• _EXERCISE PROMPT_:
Please keep the images out and set down the data exactly as given.

Source records
<<<<

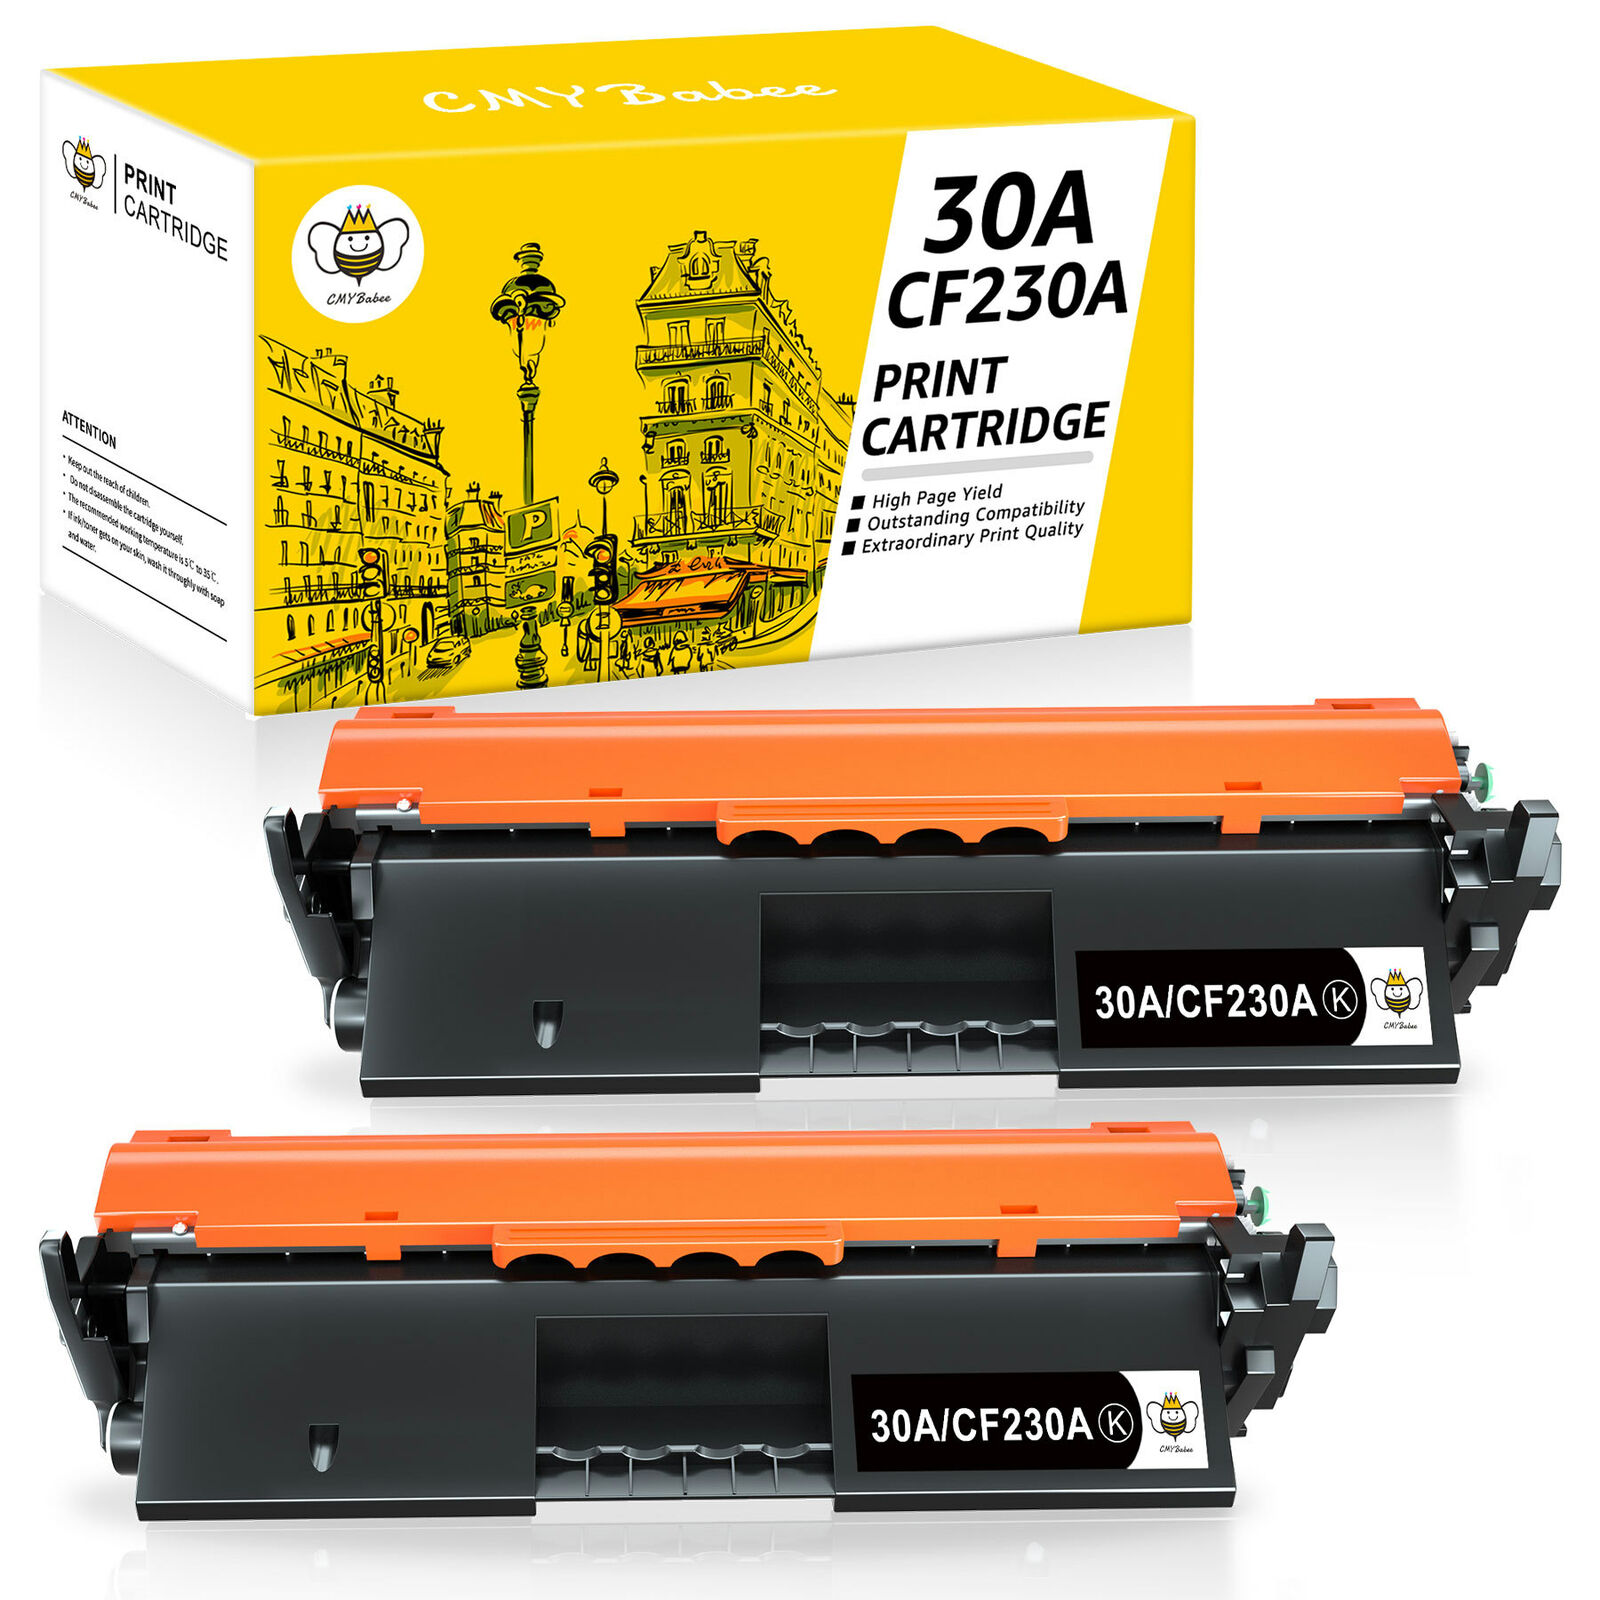 2 pk CF230A 30A Toner Cartridge for HP LaserJet Pro M203D M203DW MFP M227FDW
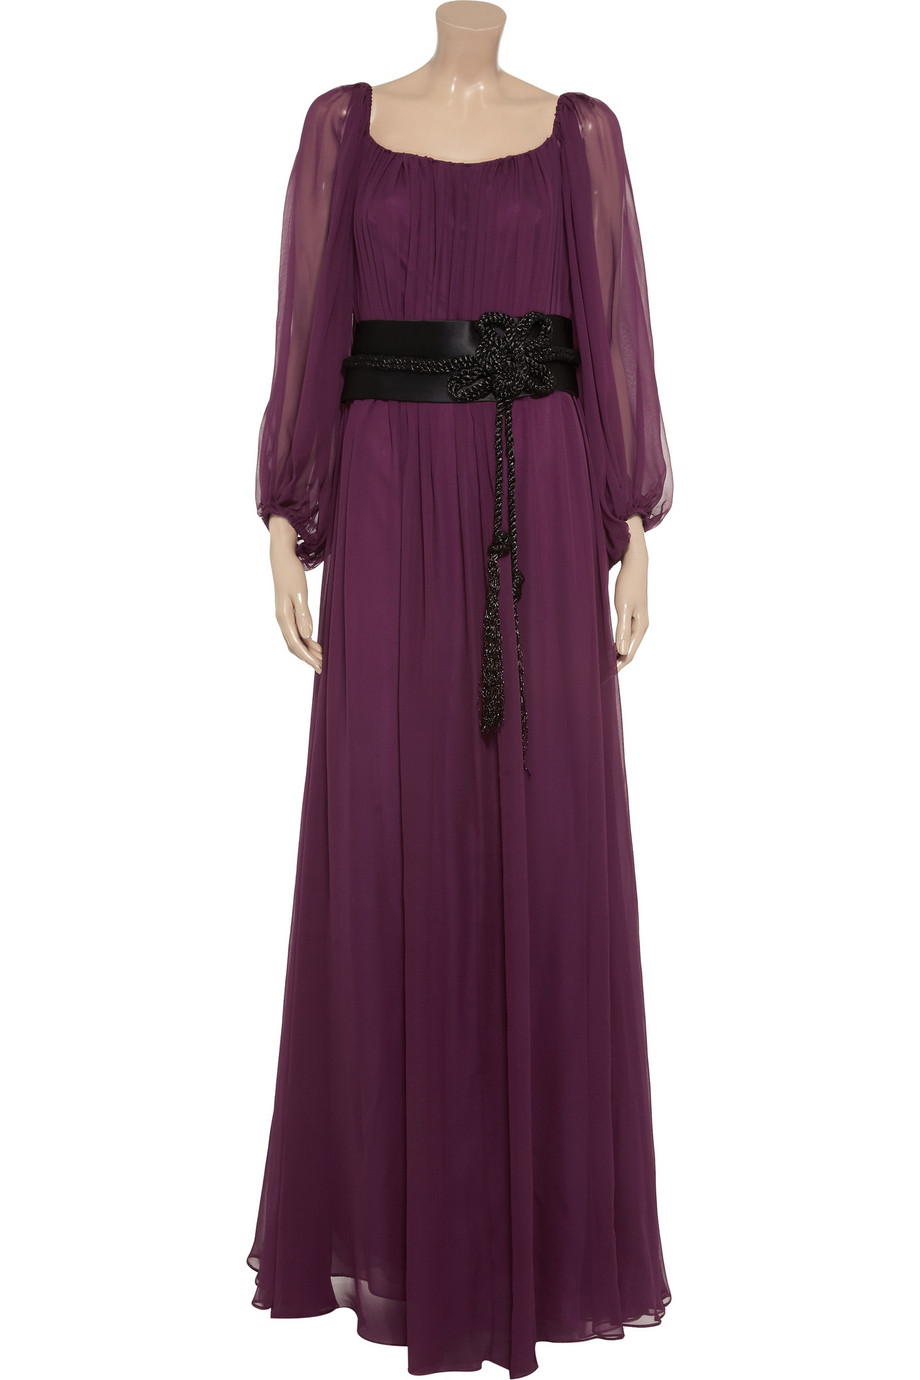 Marchesa notte Contrast Beltdetail Silkchiffon Gown in Plum (Purple) - Lyst
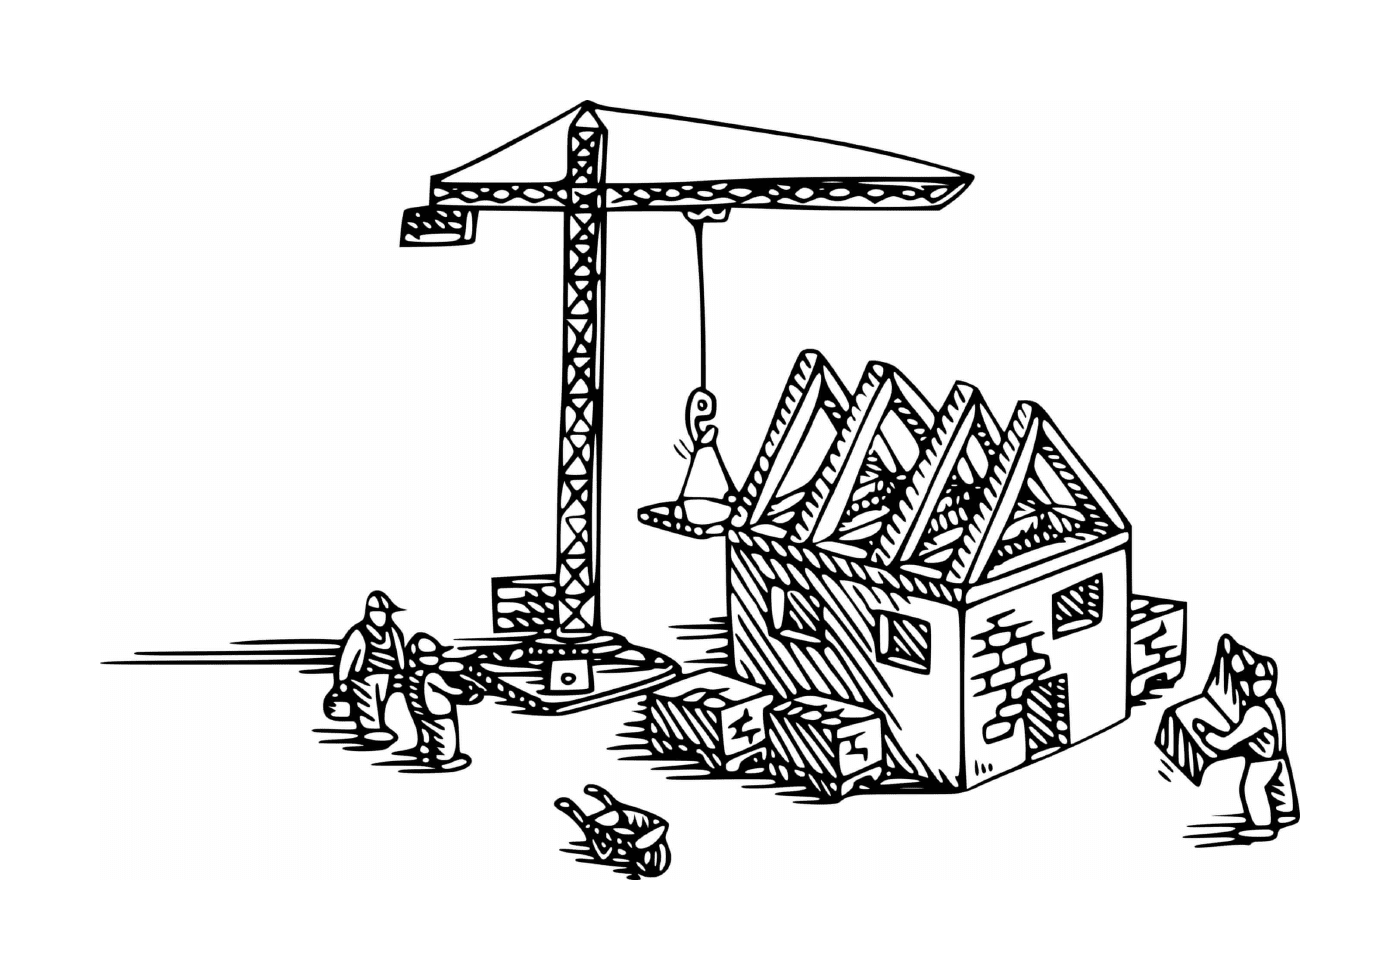  Baukran verwendet, um ein Haus zu bauen 
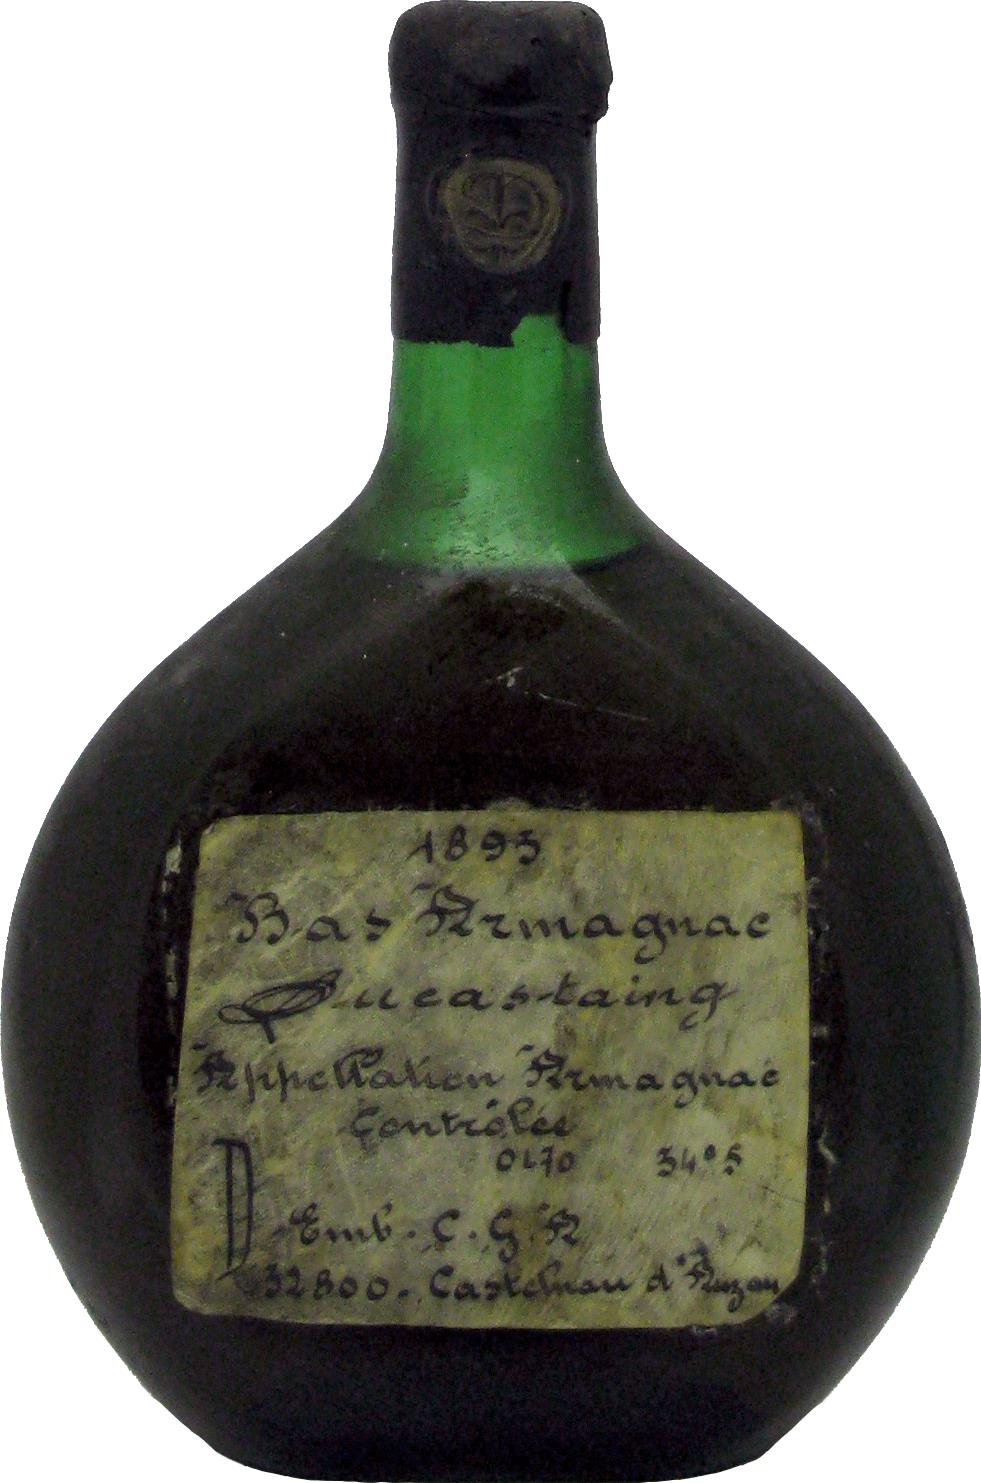 Bas-Armagnac Ducastaing 1893 Vintage Cognac - Rue Pinard
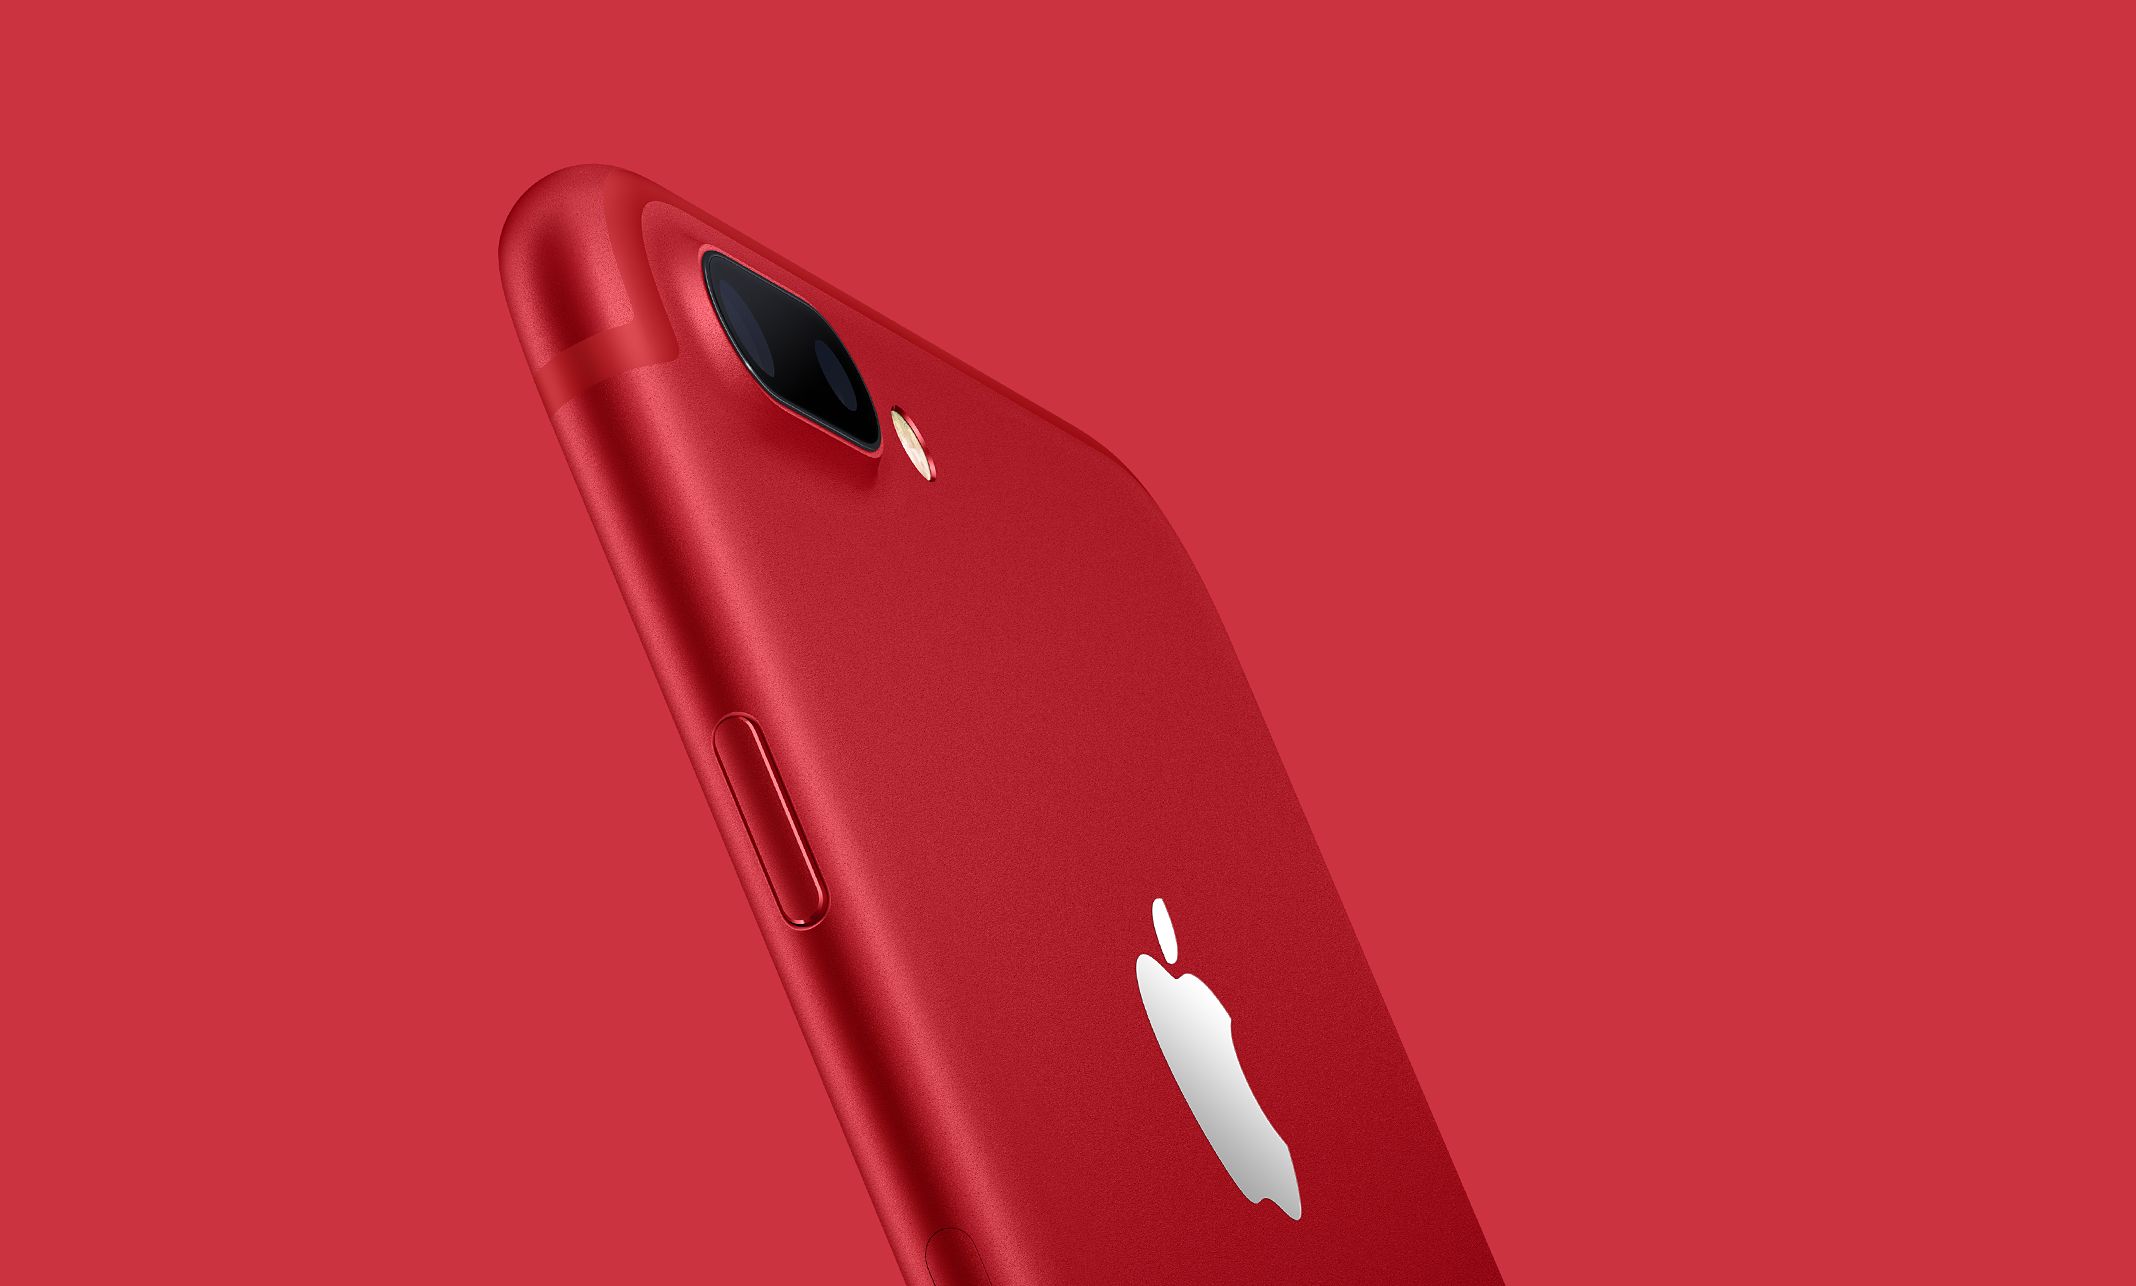 3キャリア、新色レッド「iPhone 7 (PRODUCT) RED Special Edition」を発売

>>>>

• _TASK ANSWER_:
 2 pk CF230A 30A Toner Cartridge for HP LaserJet Pro M203D M203DW MFP M227FDW
 Marchesa notte Contrast Beltdetail Silkchiffon Gown in Plum (Purple) - Lyst
  Baukran verwendet, um ein Haus zu bauen 
 Bas-Armagnac Ducastaing 1893 Vintage Cognac - Rue Pinard
 3キャリア、新色レッド「iPhone 7 (PRODUCT) RED Special Edition」を発売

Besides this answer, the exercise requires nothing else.